> EXERCISE: Would you retype the listing word for word, skipping its pictures?

> SUPPLIED INFORMATION:
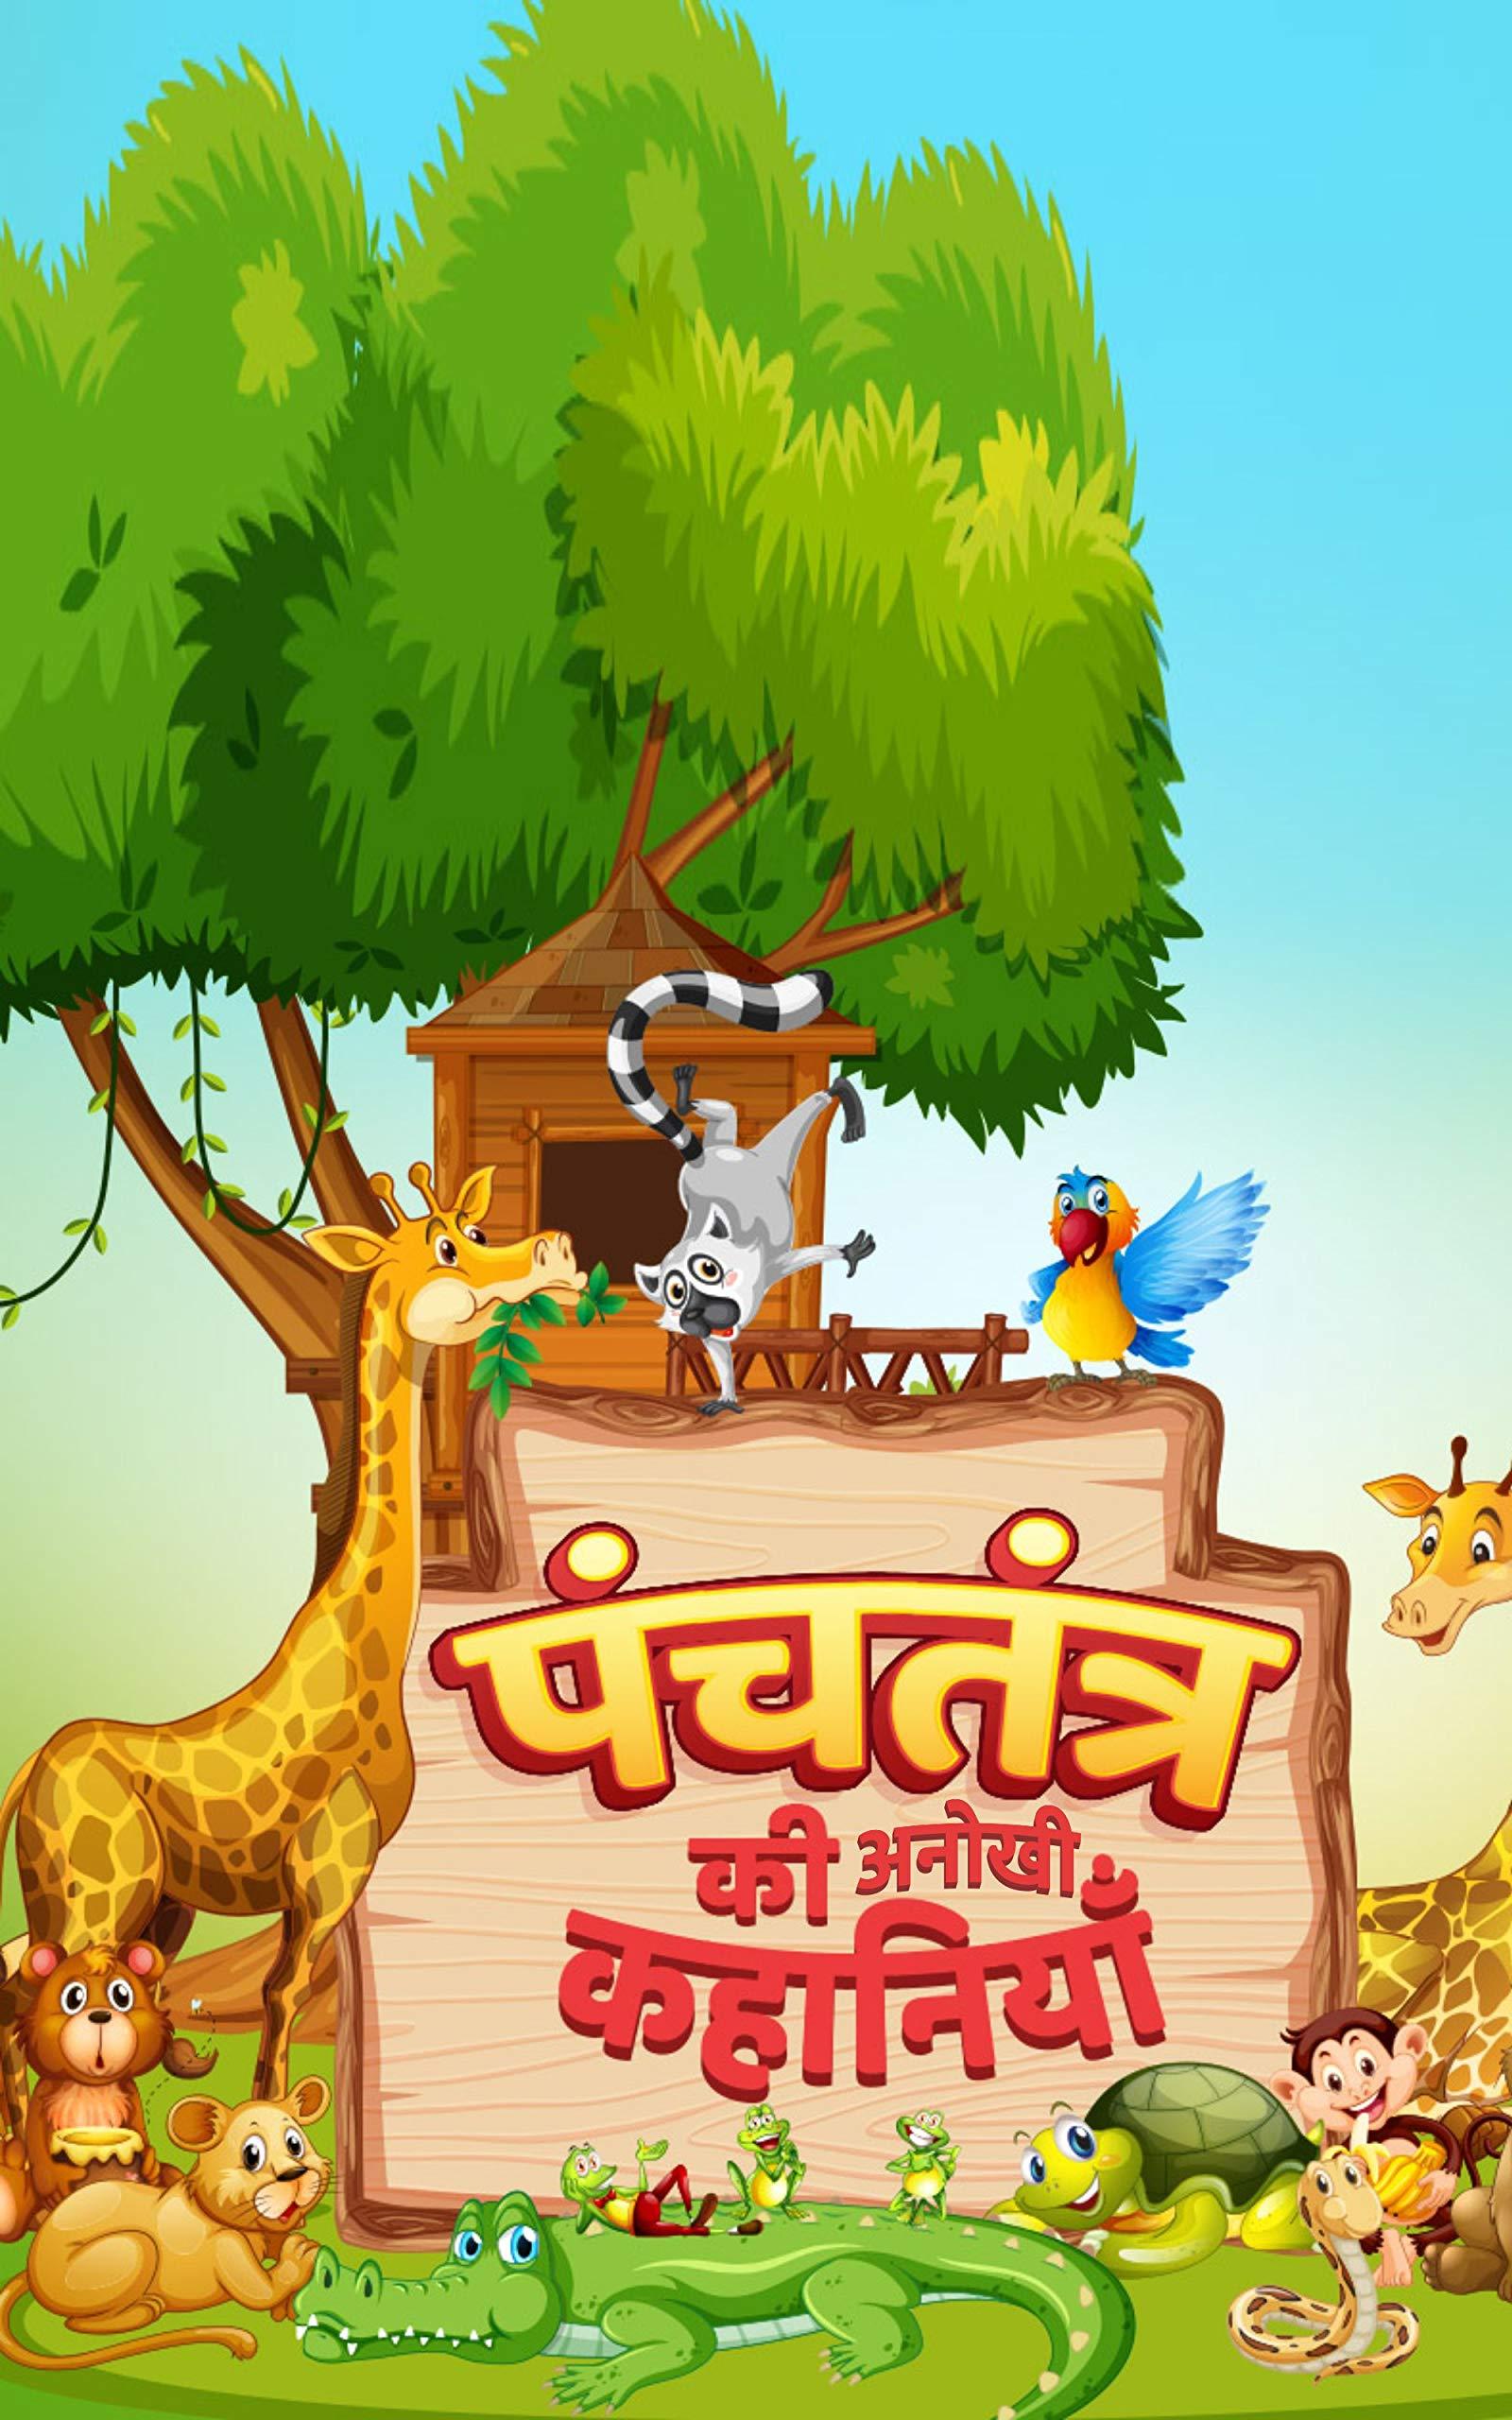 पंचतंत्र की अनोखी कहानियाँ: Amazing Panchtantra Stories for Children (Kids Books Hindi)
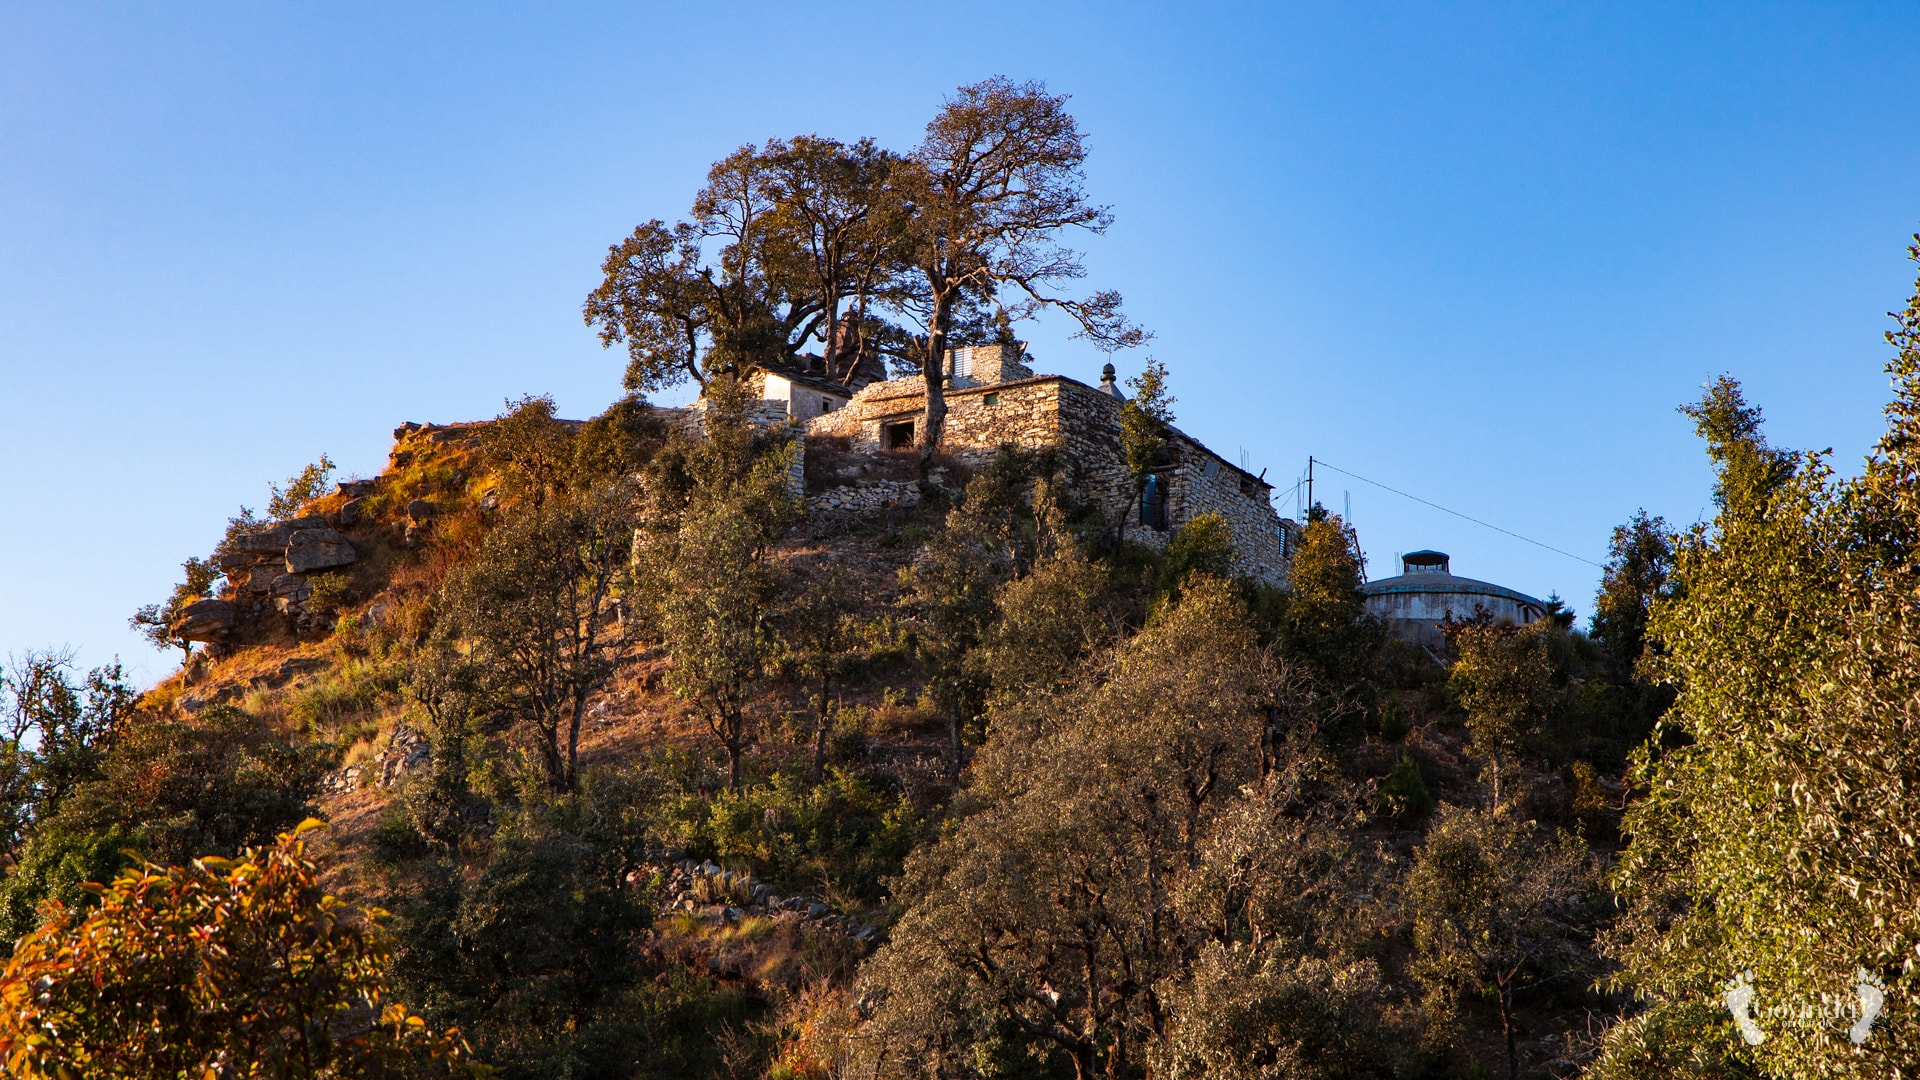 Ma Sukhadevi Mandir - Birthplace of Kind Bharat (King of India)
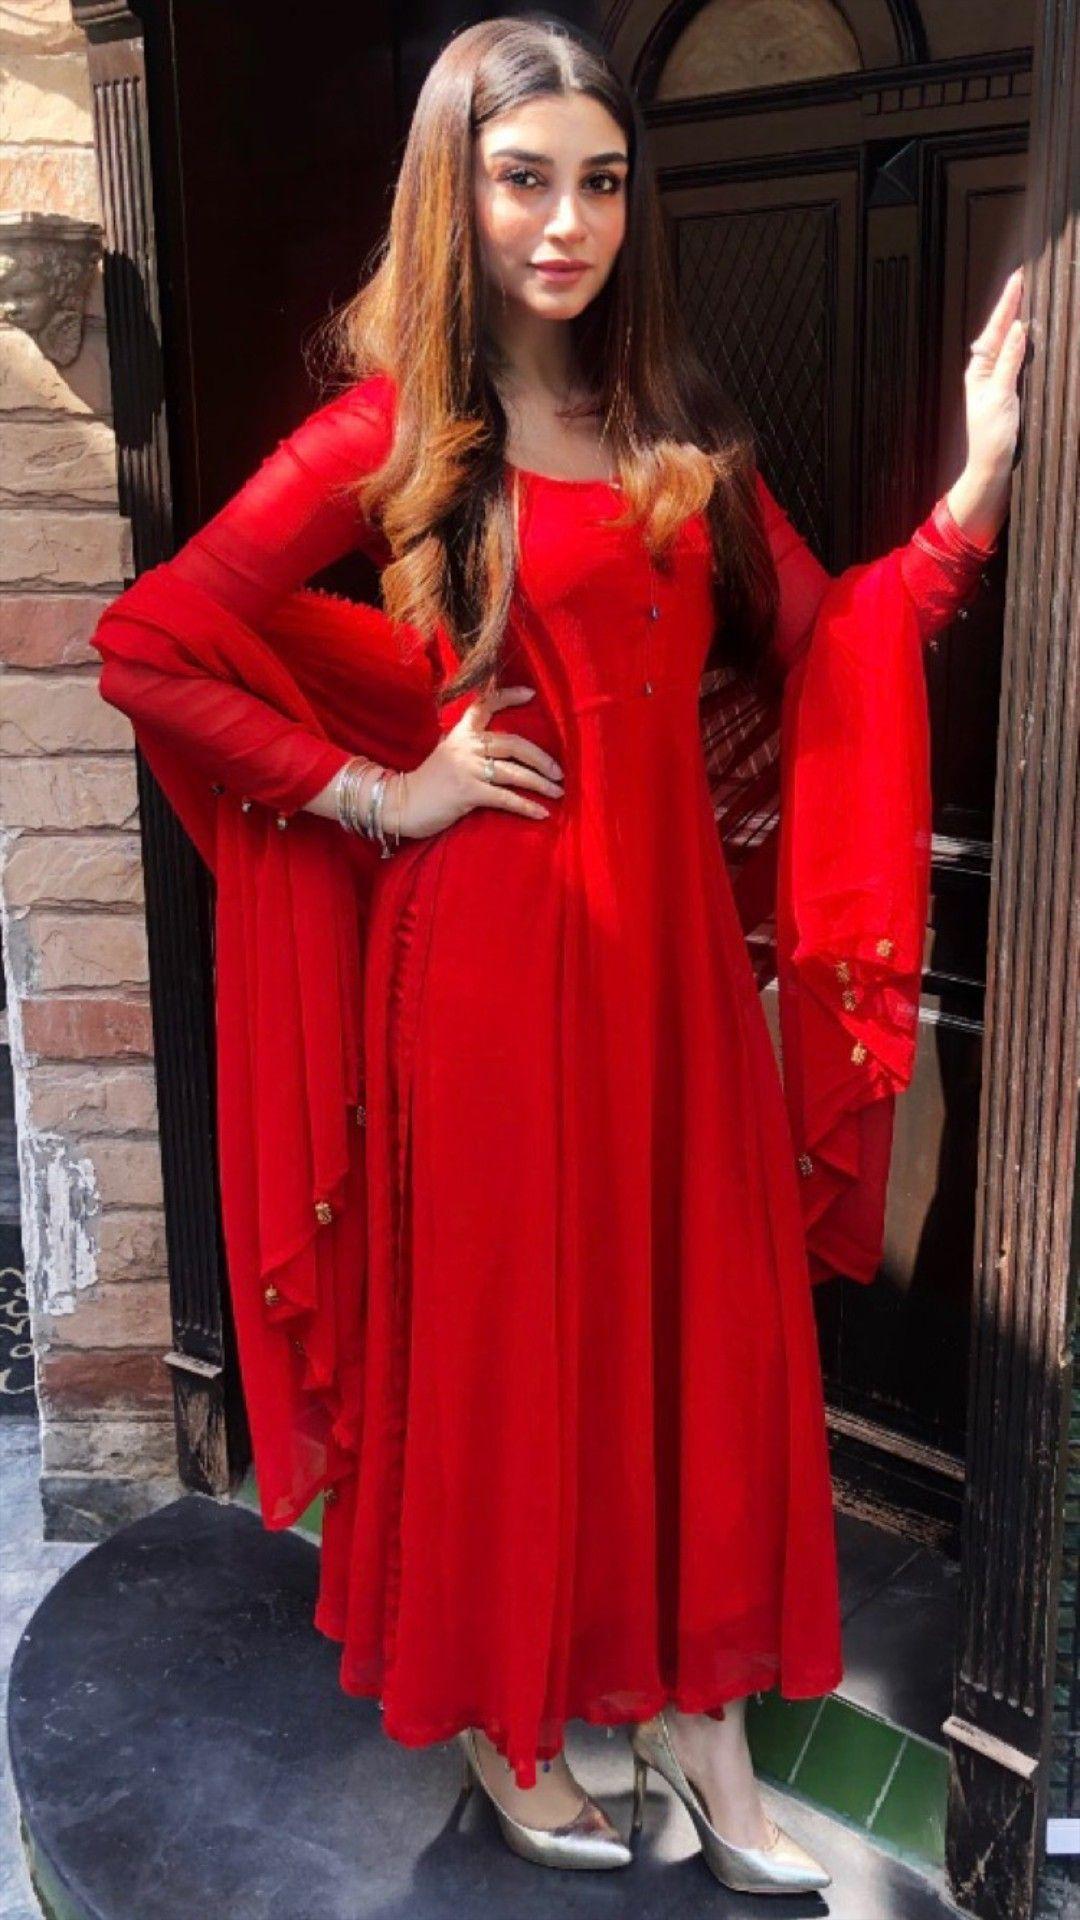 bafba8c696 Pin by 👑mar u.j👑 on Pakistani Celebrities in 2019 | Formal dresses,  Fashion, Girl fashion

> RESULT OF THIS EXERCISE:
 पंचतंत्र की अनोखी कहानियाँ: Amazing Panchtantra Stories for Children (Kids Books Hindi)
 Ma Sukhadevi Mandir - Birthplace of Kind Bharat (King of India)
 bafba8c696 Pin by 👑mar u.j👑 on Pakistani Celebrities in 2019 | Formal dresses,  Fashion, Girl fashion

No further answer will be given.